Throughout the book, possible meanings seem to morph with inevitability into authoritative statements of intention and biographical fact. The appearance of triangles and squares, which happen to have special meaning for Masons, puts Traylor into a lodge. His use of common primary colors is freighted with hidden meaning because they have significance both in conjure and in African art. “Simple animals” aren’t just animals but spirit creatures — Haitian, African, anything other than what Traylor may have straightforwardly seen and wanted to represent.
It’s not that there are no deeper meanings there, and Sobel deserves credit for not throwing up her hands at the difficult task of unlocking them. Indeed, in some sense she rescues Traylor from overly innocent readings by recognizing the disturbing content in many of his drawings. His body of work represents more than an old man observing the passing parade, and Sobel’s expositions aren’t less reasonable than seeing nothing more than superficially simple animals and common colors.

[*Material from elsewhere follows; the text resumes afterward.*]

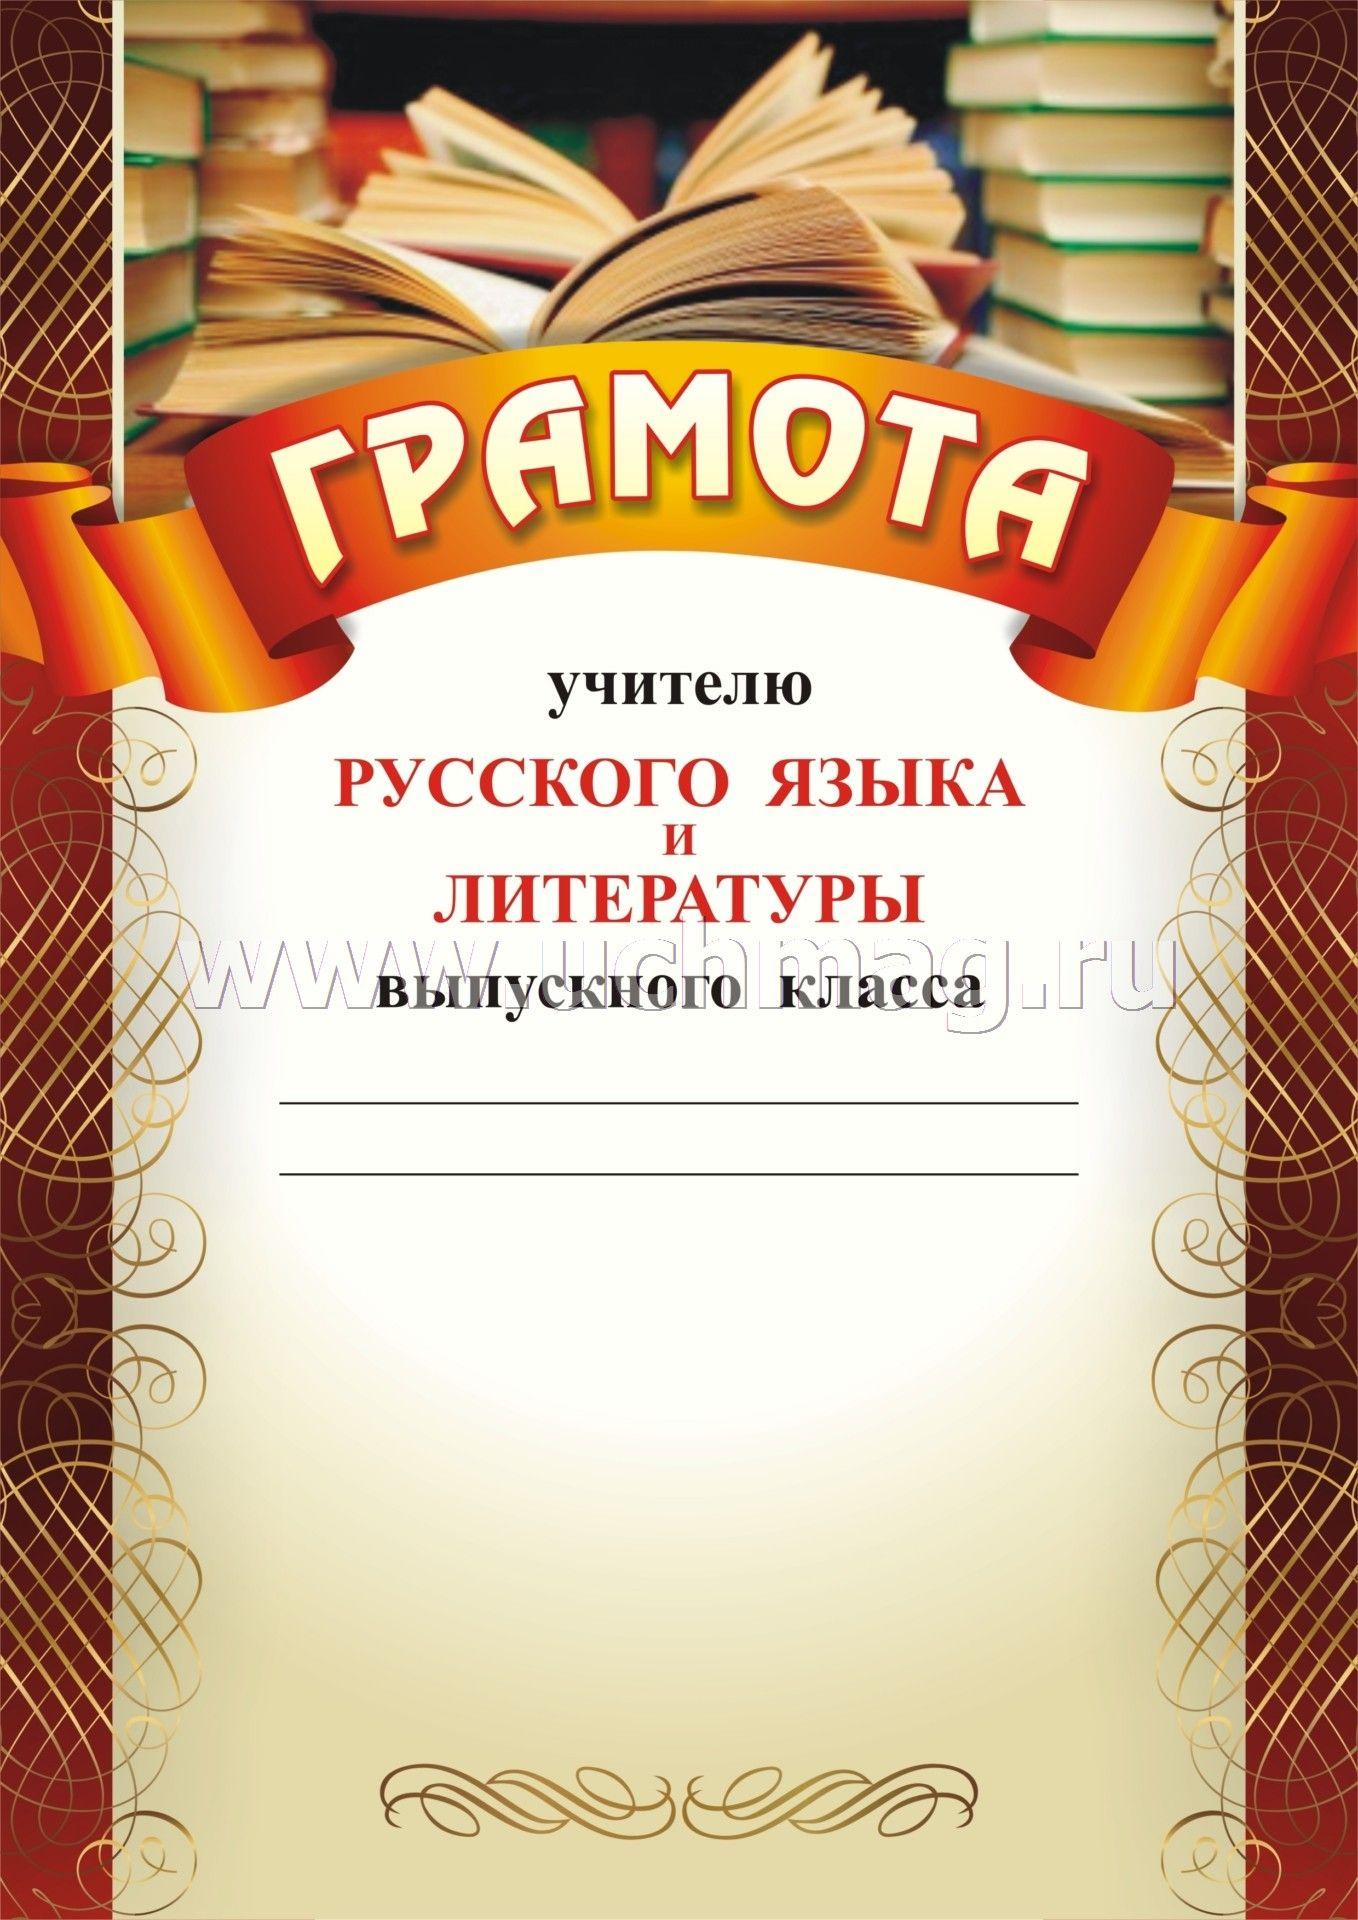 Поздравления учителям русскому языку

But there is a discomfiting disparity between her aggressive interpretations and the extremely circumstantial evidence she uses to back them up. That disparity becomes especially acute as she connects specific drawings with the death of Traylor’s son Will at the hands of Birmingham, Alabama, police in 1929. Construing a pair of crucifixion drawings as lynching narratives makes for a compelling story, but it’s not clear that it does Traylor justice, either as a matter of history or aesthetics. It’s hard not to wonder whether Traylor, despite his humble origins, might have been after something more universal than strictly personal in at least some of his art.

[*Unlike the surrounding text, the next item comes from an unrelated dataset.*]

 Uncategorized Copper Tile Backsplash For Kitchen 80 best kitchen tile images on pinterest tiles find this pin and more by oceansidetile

Even when Sobel seems on the firmer ground of historical description she is still prone to slipping into heavy speculation. She is willing to accept as fact Betty Kuyk’s claim that Traylor killed a man, even though Kuyk’s evidence was decades-old, third-hand gossip related by the white owner of the funeral home where Traylor sometimes slept. Sobel goes even further, spinning a narrative that the murder involved the lover of Traylor’s first wife. There is no evidence for this claim at all, however, beyond Sobel’s own reading of imagery in selected drawings.

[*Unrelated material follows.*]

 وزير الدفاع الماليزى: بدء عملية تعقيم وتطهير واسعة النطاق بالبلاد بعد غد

While any artwork is fair game for interpretation, and Traylor’s cryptic drawings fairly begs for it, one wonders if the lives of artists of more conventional stature — Picasso, say, or Pollack — could respectably serve as fodder for such loosely argued biography. Sobel’s book responds to the reasonable desire to replace the mystery of Traylor’s meaning and motivation with a fully conceived narrative. Believe it if you wish, just don’t confuse her ever more elaborate tale with actual history.
A version of this review originally appeared in Intuit’s Outsider magazine.
The reviewer naively assumes that any funeral home owner in Montgomery would be white, thus ignoring the copious evidence on p.167 in my work, cited above, that he was African American. The fact of the “murder” was reported to him by Traylor’s companion, who came from Traylor’s home community. A salient point in Traylor’s life is his baptism in the Roman Catholic faith shortly before he died.
Thanks for the comment. Indeed, nothing on that page of your book explicitly indicates the race of the funeral home owner. My dubious assumption.
I agree with the reviewer. There is so much wishful thinking and conjecture in this book. There is no way to know many things about Bill Traylor and his imagery. but making things up is irresponsible.